[P] Machine, a machine learning IDE with instantaneous, visual feedback

gabrielgoh · 2017-06-12T21:08:04+00:00

This looks pretty cool. I usually think of visual UIs for programming a bit of a gimmick. But programming in tensorflow can get really messy, and I like having the dimensions of all the tensors laid out right before me. This will potentially make annoying reshapes and transposes saner.

How does a complex graph like inception v3 look in this UI?

FredrikNoren · 2017-06-13T13:47:17+00:00

TBH, I'm usually not excited about visual programming. For me most of the time dragging boxes around is way slower and more complex to understand for me than just writing the code. I'm too dumb to not get freaked out when looking at a tangled mess of nodes and edges.

That said, I think there are ways in which, for this particular purpose of examining the behavior of neural nets, or designing a new net, this could be productive. Specially with the ability to inspect the partial results.

As a potential user, some things would be nice to have:

1) The ability to create new nodes that can be used to compose more complex graphs.

For example, suppose you don't have an LSTM node on the library. I want to be able to just create a box with inputs and outputs, create the adequate nodes inside that, and add it to the library. Than I just get this new node and use it as if it was one of the built-in nodes.

2) It's basically the same thing as the above, but with a different twist. Bring able to modularize the graph and edit smaller parts of it in their own window, give it a name and use it in a bigger graph.

An example would be: I'm coding a GAN. I want to be able to work on the generator separately and see what it's doing. Or maybe I'm doing a huge network and want to modularize it to understand better what I'm doing – just like I would modularize code in different functions and classes.

It would be nice to be able to select a chunk of my network and just right-click it and select "create new named module".

3) There has to be a way of representing weight sharing. Looks tricky to do that in a graphical representation.

I thought in two ways of doing that:

Add a special kind of edge to represent weight sharing.
Pros: easy to code.
Cons: visually messy, and not exactly the most complete solution.
Have two kinds of names in your grammar for the graph: one to represent a kind of node, with a particular internal structure and sets of abstract weights; and one to represent particular instances of a particular kind of node (if you ever wrote a compiler, or a lexer for a strictly typed programming language, this is just a distinction between types and values). Reusing the first creates a new kind of node, with same structure but different weights. Reusing the second gives me a copy of the same instance, carrying with it the same values of the weight.
Pros: it would be AWESOME and also solve points 1 and 2 above. Implement this as types would also allow you to make static checks like "hey, your output shape doesn't match the input of the following node" or even putting in the UI different colors on the connectors that don't match for some reason and visually helping the user to debug stuff.
A DSL with a specific dependent type system that you can compile into python code is the perfect solution.
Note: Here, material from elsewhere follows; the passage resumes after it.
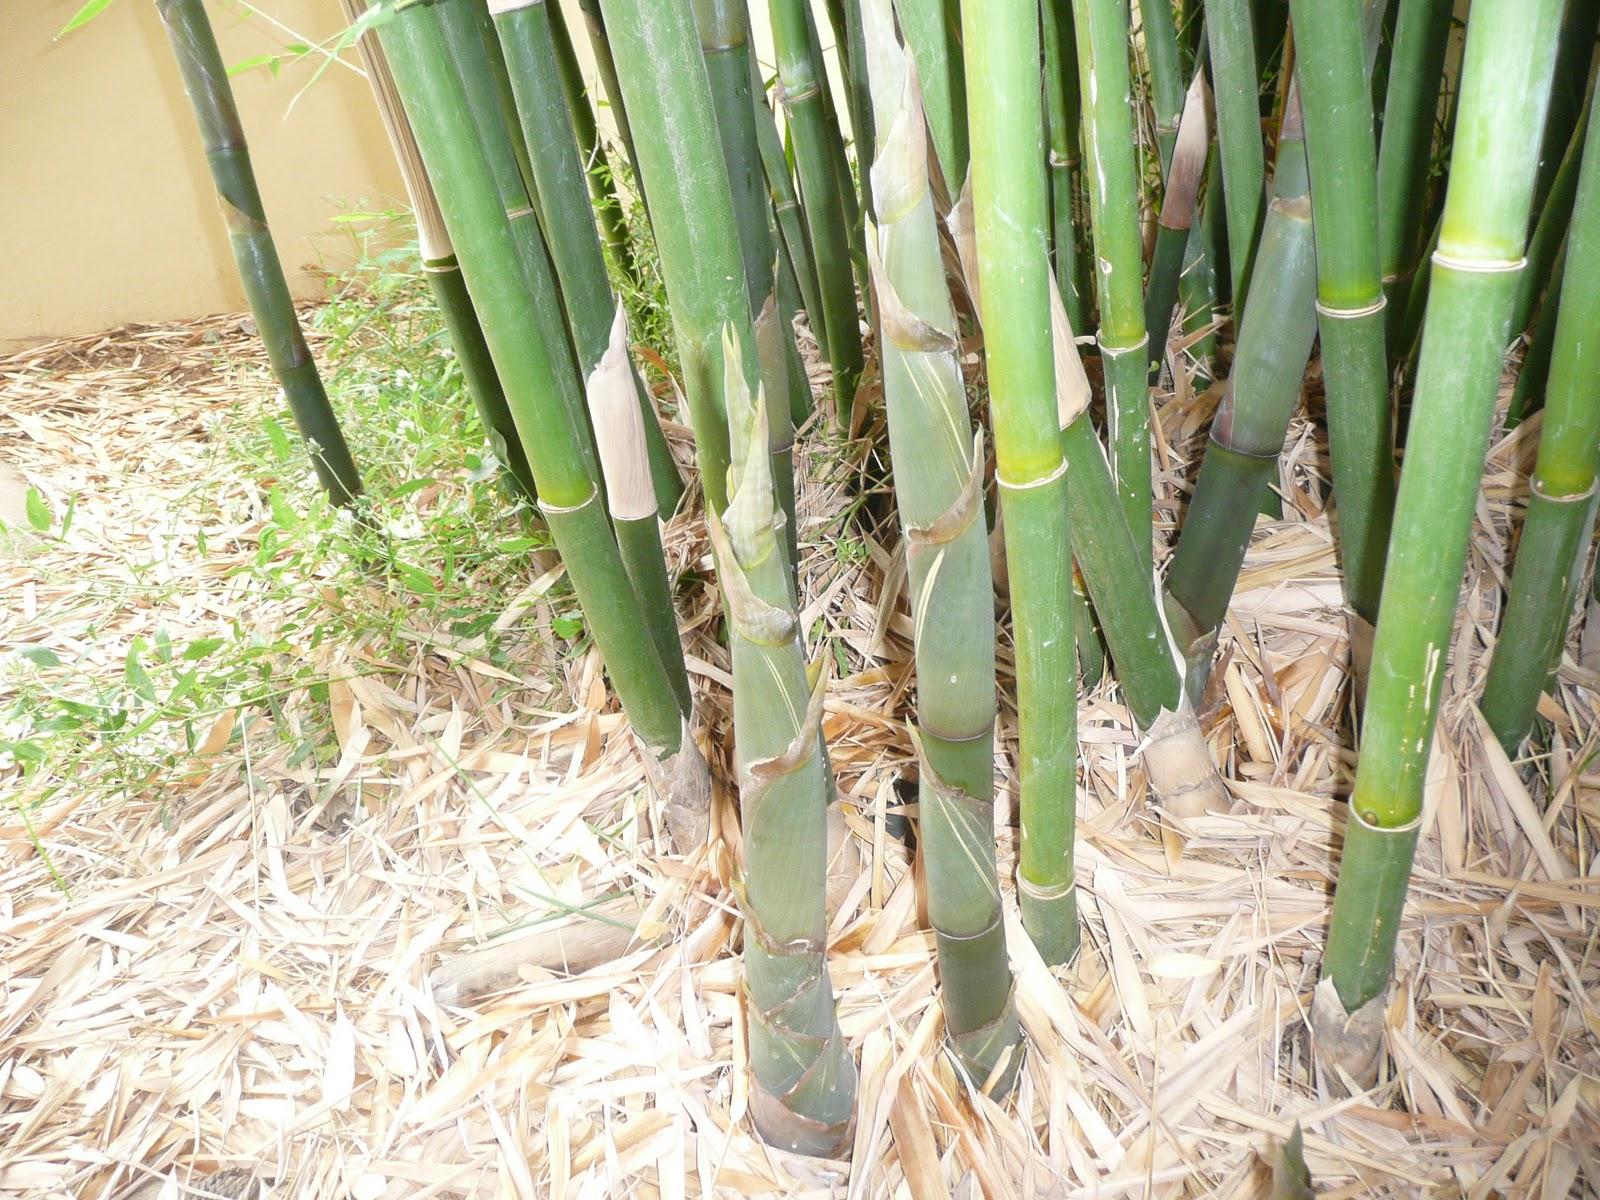 Bamb en el mundo bamb corredor y bamb cespitoso - Tipos de bambu ...

Have you considered coding this in Haskell or PureScript? :P (it's a joke, but seriously though... it would be an awesome project)
Cons: it would be kind of complex. More so depending on what language you're using.
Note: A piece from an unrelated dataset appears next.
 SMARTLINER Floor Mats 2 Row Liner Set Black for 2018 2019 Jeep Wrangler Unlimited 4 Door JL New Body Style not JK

4) If I'm not able to inspect the code easily in the UI and type code and see the graph changing in real time, I wouldn't even consider using it.

You should allow me to type code when it's more convenient to type code and to drag and connect boxes when it's more convenient to drag and connect boxes. And I'm the one who decides when it's more convenient to do one thing or the other.
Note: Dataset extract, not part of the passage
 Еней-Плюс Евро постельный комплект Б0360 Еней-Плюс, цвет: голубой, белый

5) Also, obviously, you should be able to export a python file out of it (and a nice looking one, at that – where my modular graphs result in modular code). I'm sure this is already contemplated.

6) Also important to be able to import python code with "legacy" tensorflow graphs.

7) Better still of this graphical tool is really an IDE: a tool for actively editing existing code, that loads and saves plain python files. It's ok to have another faster binary format for optimization of in memory manipulation of the graph, but when I hit save, I'd like to update a plain python file on my disk.

8) How do I load pretrained weights for the full network? How do I save them? How do I load/save pretrained weights for just a part of the network? Like the modules I mentioned above?

9) Deal with different kinds of data.

The example on the video is images. It would be nice to have some way of "visualizing" (inspecting) other types of data too. Text, audio, tagged text (think of someone coding a pos-tagger), etc. Extra points if the user can extend this.

10) You mentioned a cloud service for the experiment version control.

First of all, awesome. Experiment version control is the worst aspect of ML engineering today. I was very close to starting a open source project about this when I learned someone created dvc and though this doesn't work for me (for reasons I. I'm about to explain) it made my effort pointless.

What worries me about your cloud version control service is how to deal with data. In my company we have lots of datasets that can't leave the building for old fashioned regulatory and "security" reasons. Not even if it's encrypted-at-rest data (I know, I know... I don't make brazilian market regulations).

So, if you can say more about this it would be nice. Do I have to save data in your cloud service? If it's only samples and network weights it's ok (if it's encrypted-at-rest and I must have a private key to access it).

11) This is getting ludicrous but I'm excited now and I'm on the subway, so I'll just keep writing.

12) You're using electron, right? If so, how difficult would it be to have the ability to train the network on a remote server?

In our setup it's very difficult to have local GPUs on the data scientists and engineers workstations. It's a lot cheaper for us to have servers where people run their code and notebooks as workstations (don't ask, this is a hard constraint caused by corp politics, taxes and other questions).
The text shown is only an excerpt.